Prompt: Where the entries below show "Nice marquetry inlay, elegant Moorish look.", begin there and print that line and all following lines exactly, through the last, omitting pictures.

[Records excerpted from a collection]
—————

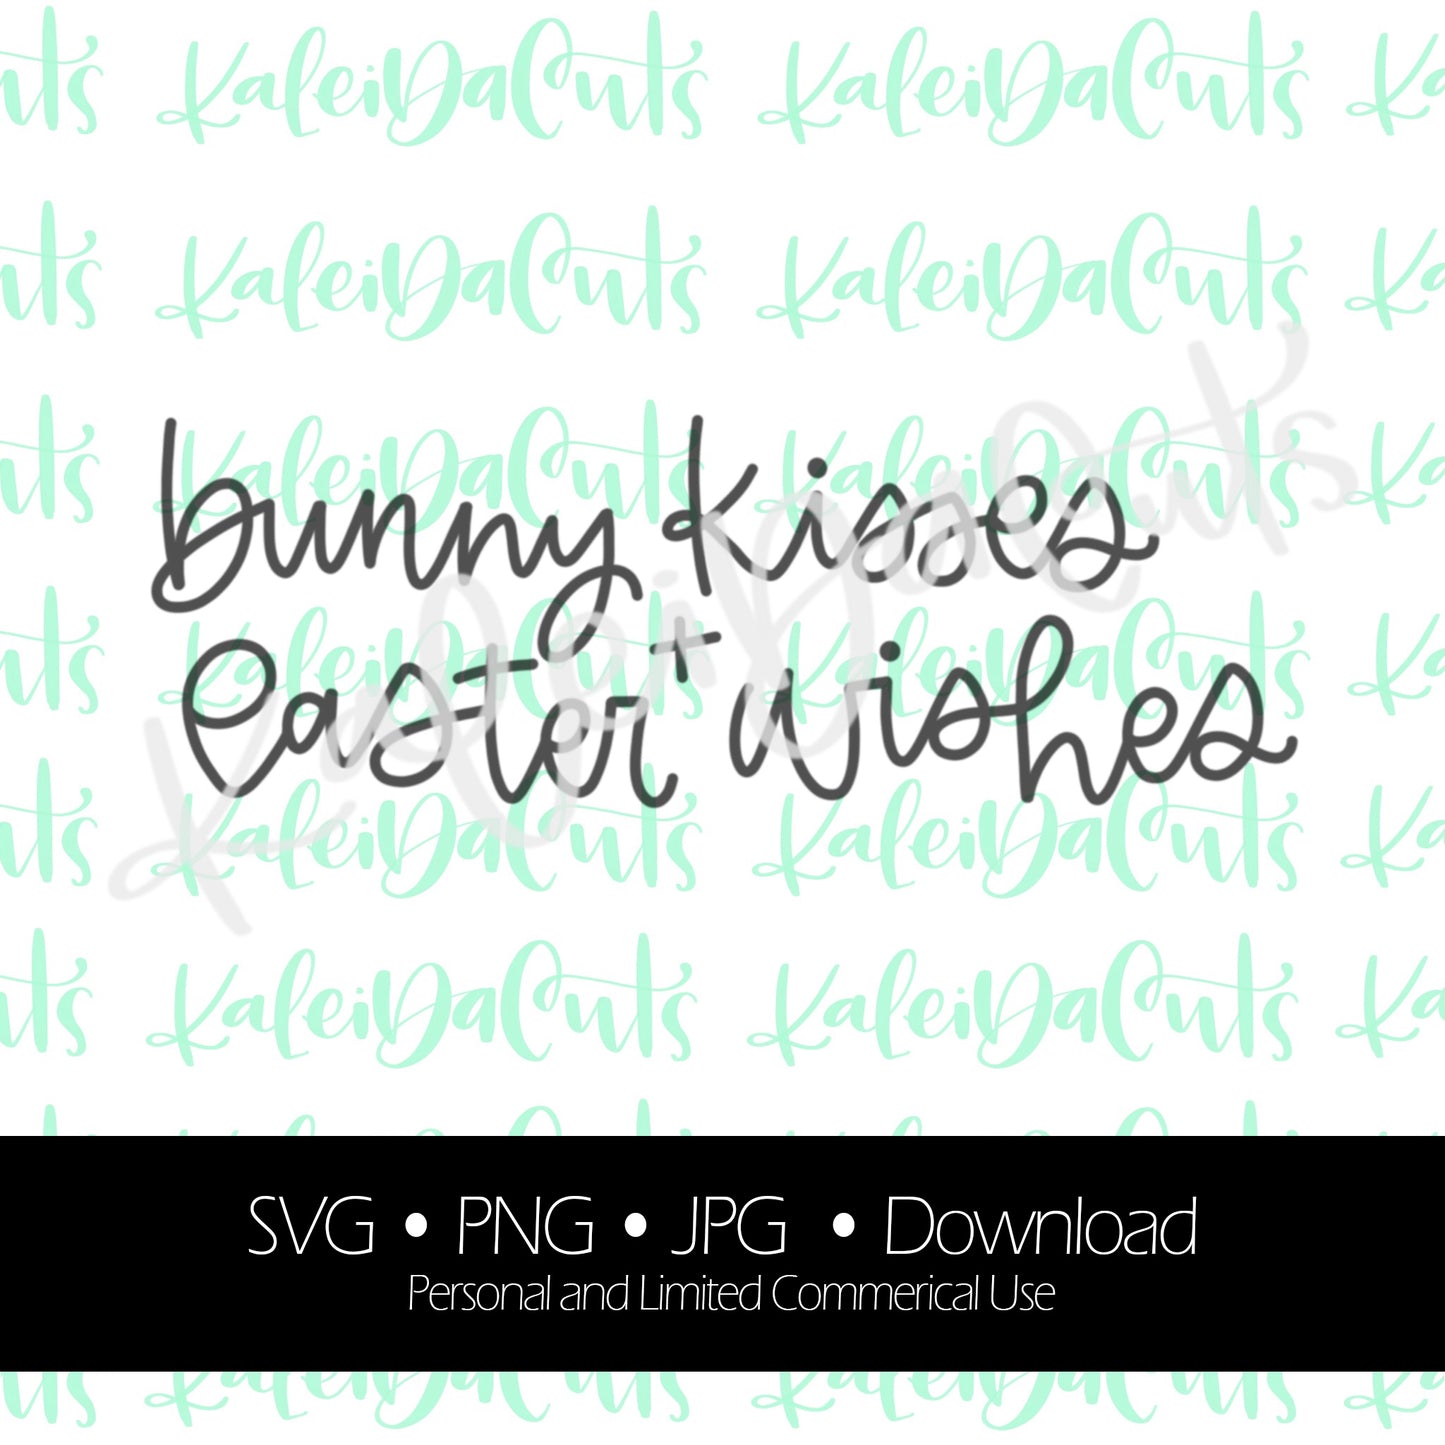 Bunny Kisses and Easter Wishes Digital Download.
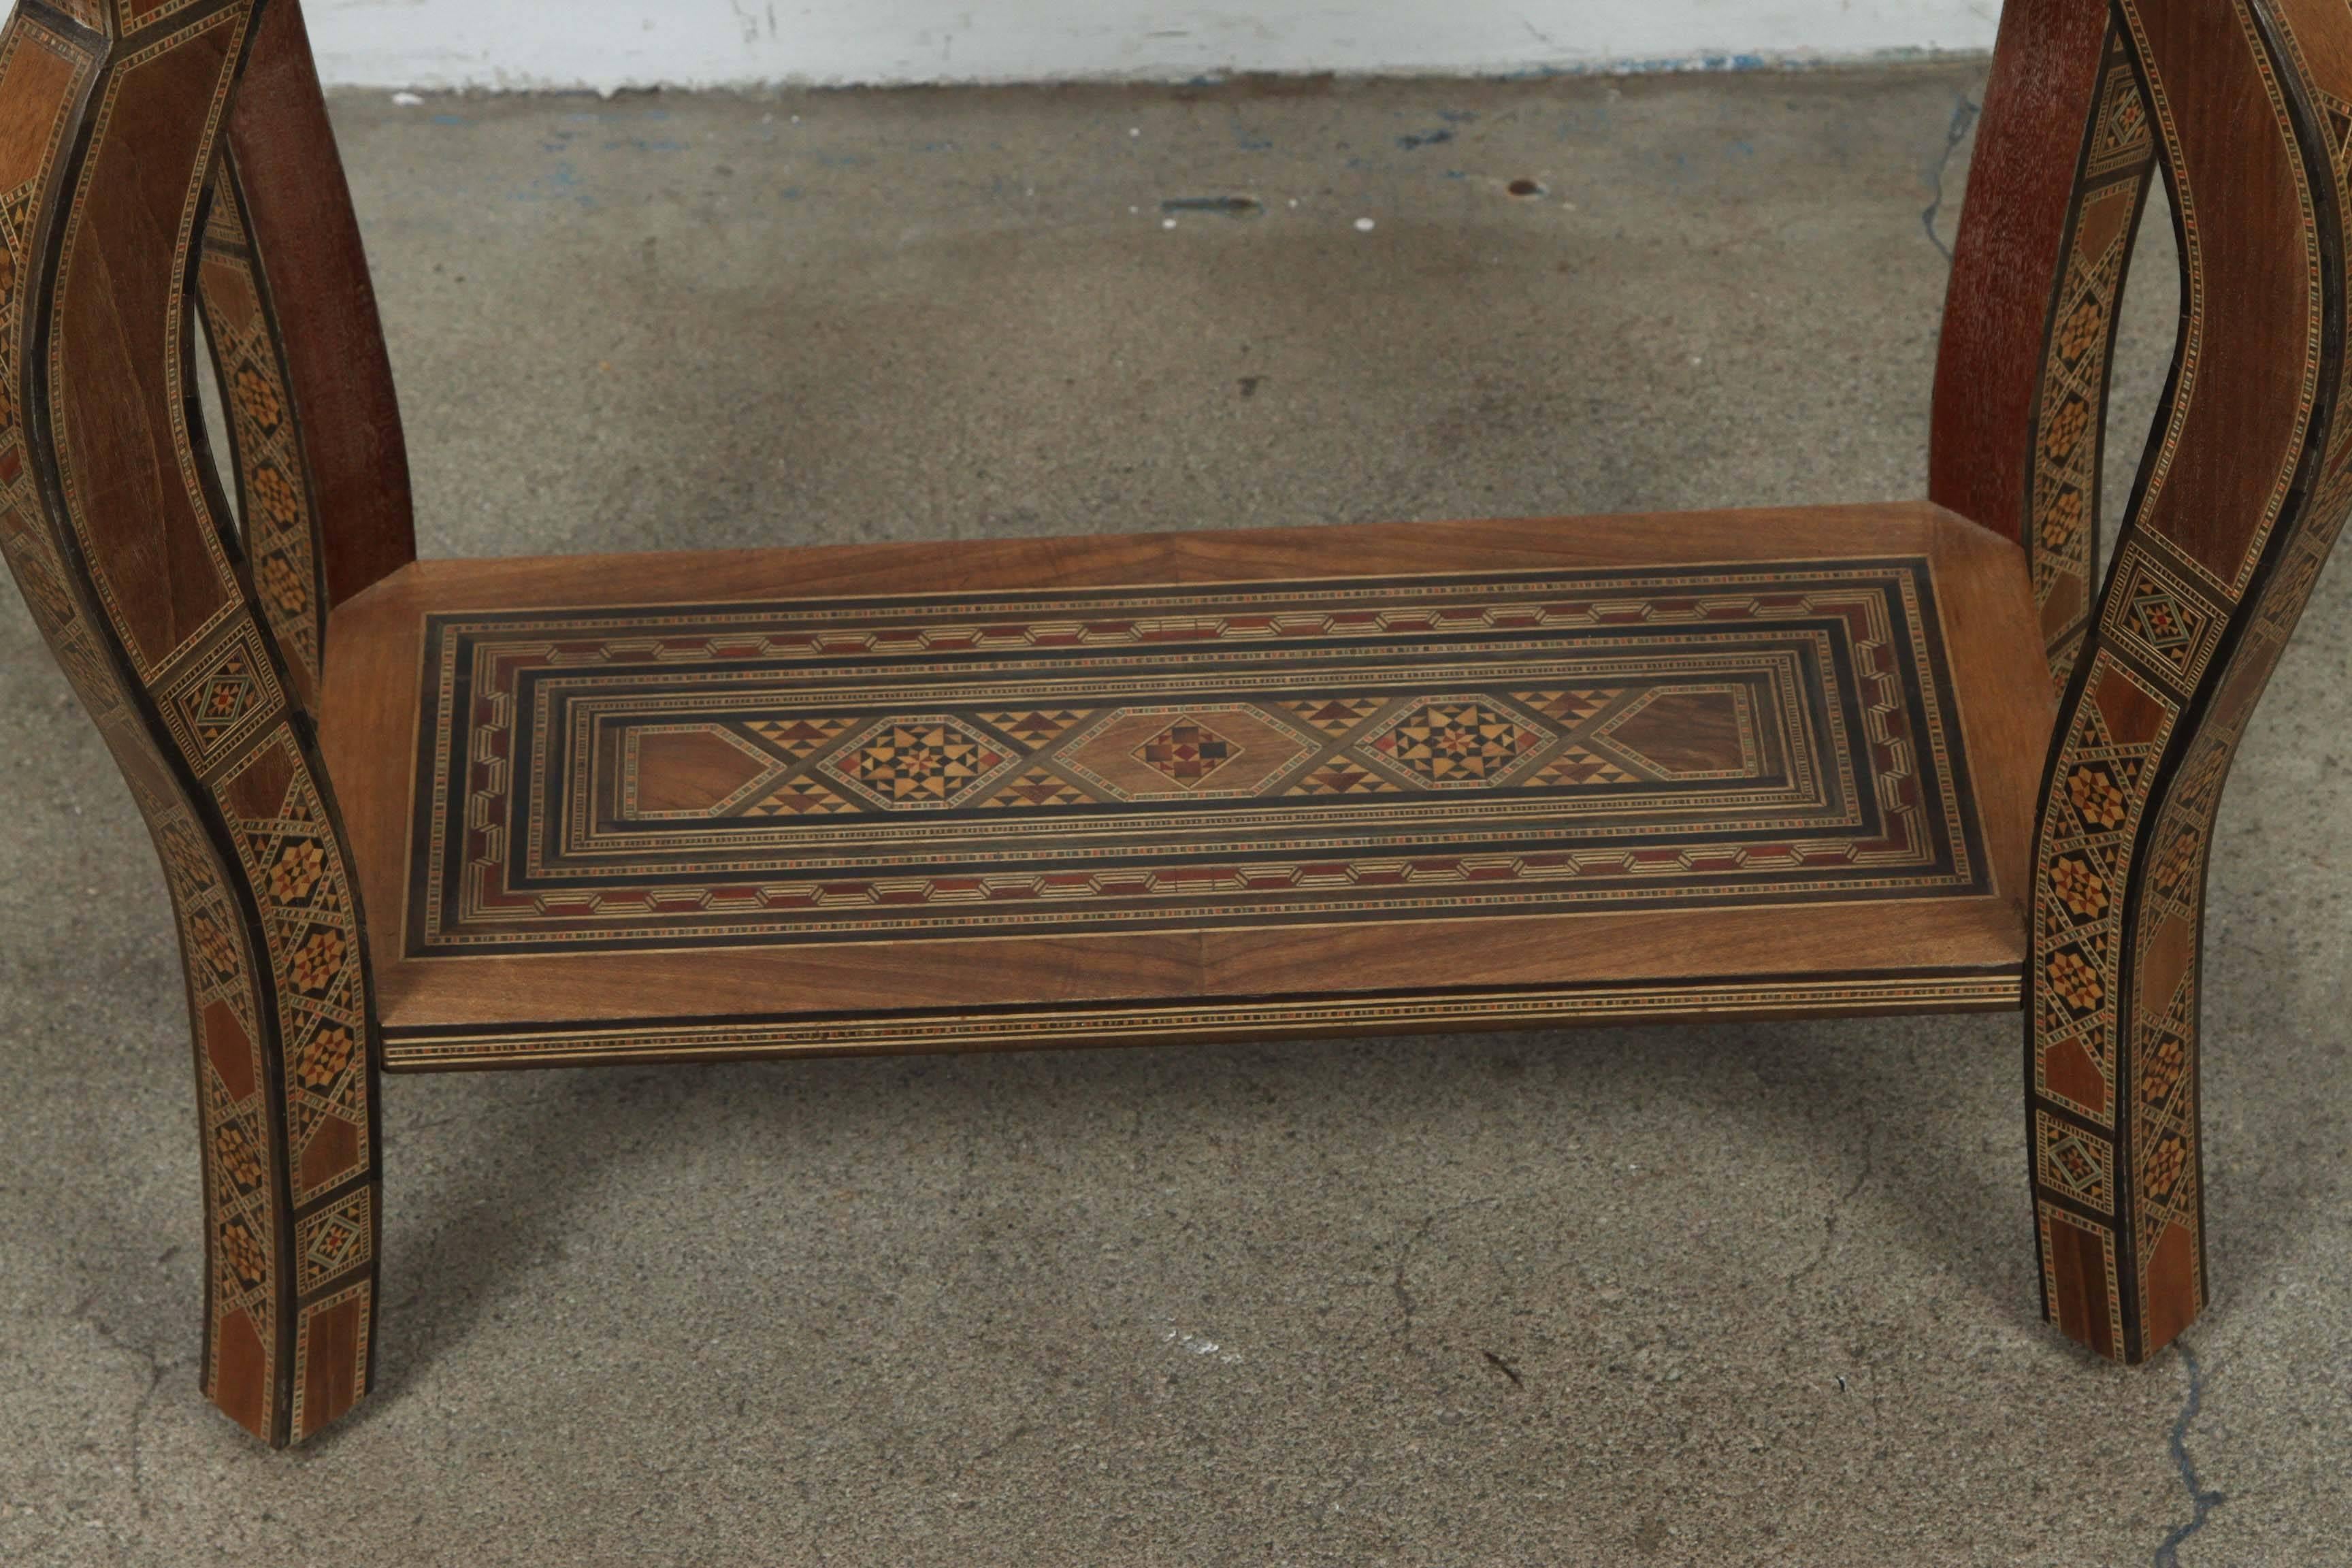 Syrian game table, inlaid, multi games tables, velvet box to hold the game pieces.
Nice marquetry inlay, elegant Moorish look.
Some marquetry missing on the side, see pictures.
Measures: 25 x 12.5 x 28
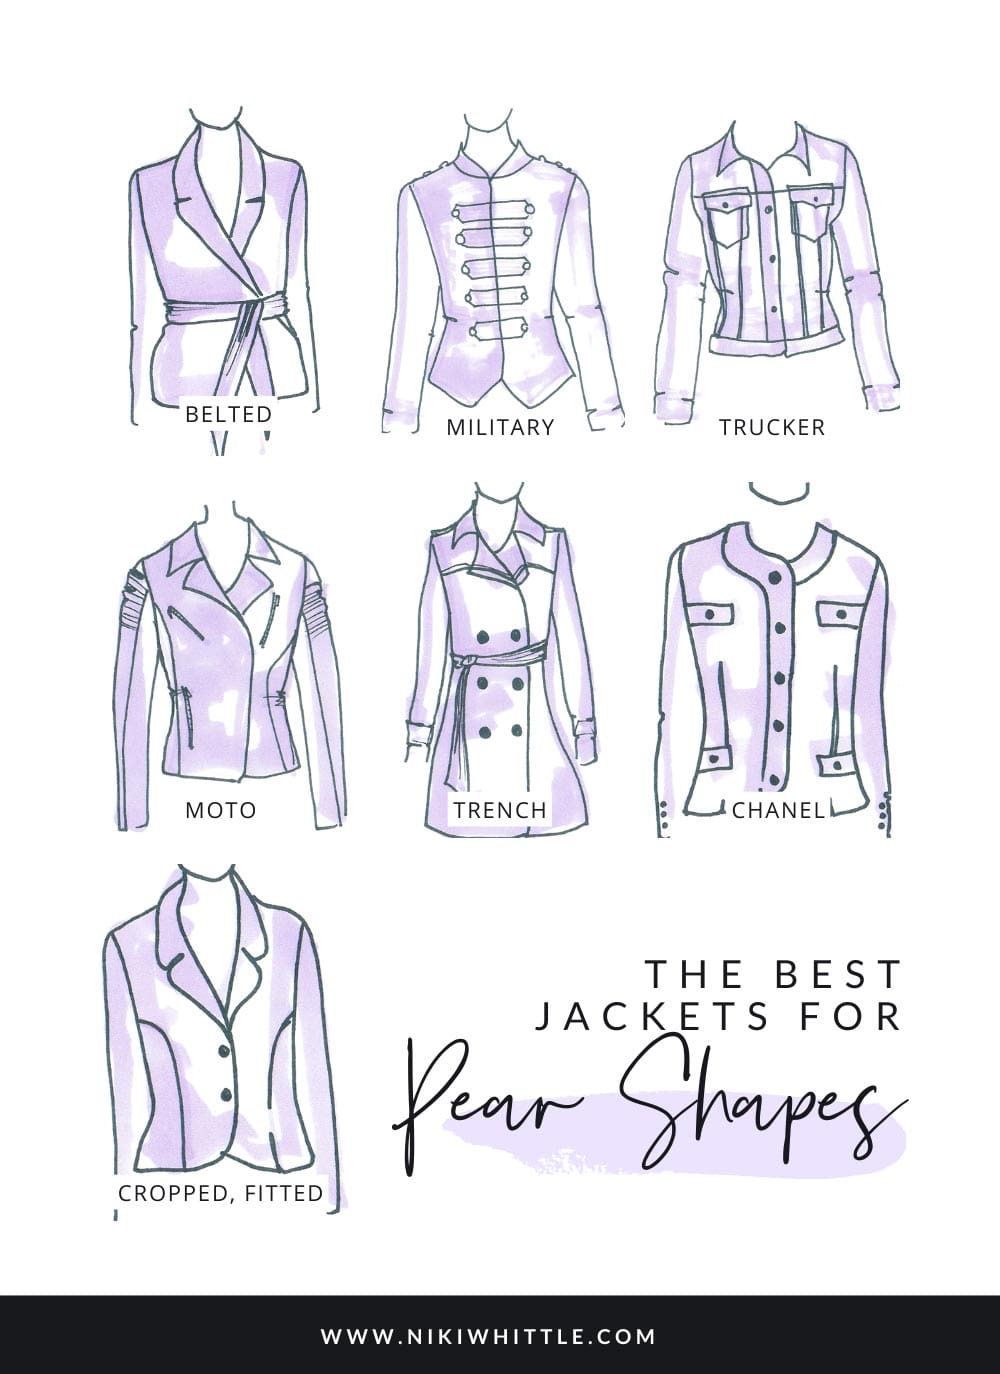 Images of jackets and coats that flatter a pear shape

—————

Your solution:
Nice marquetry inlay, elegant Moorish look.
Some marquetry missing on the side, see pictures.
Measures: 25 x 12.5 x 28
 Images of jackets and coats that flatter a pear shape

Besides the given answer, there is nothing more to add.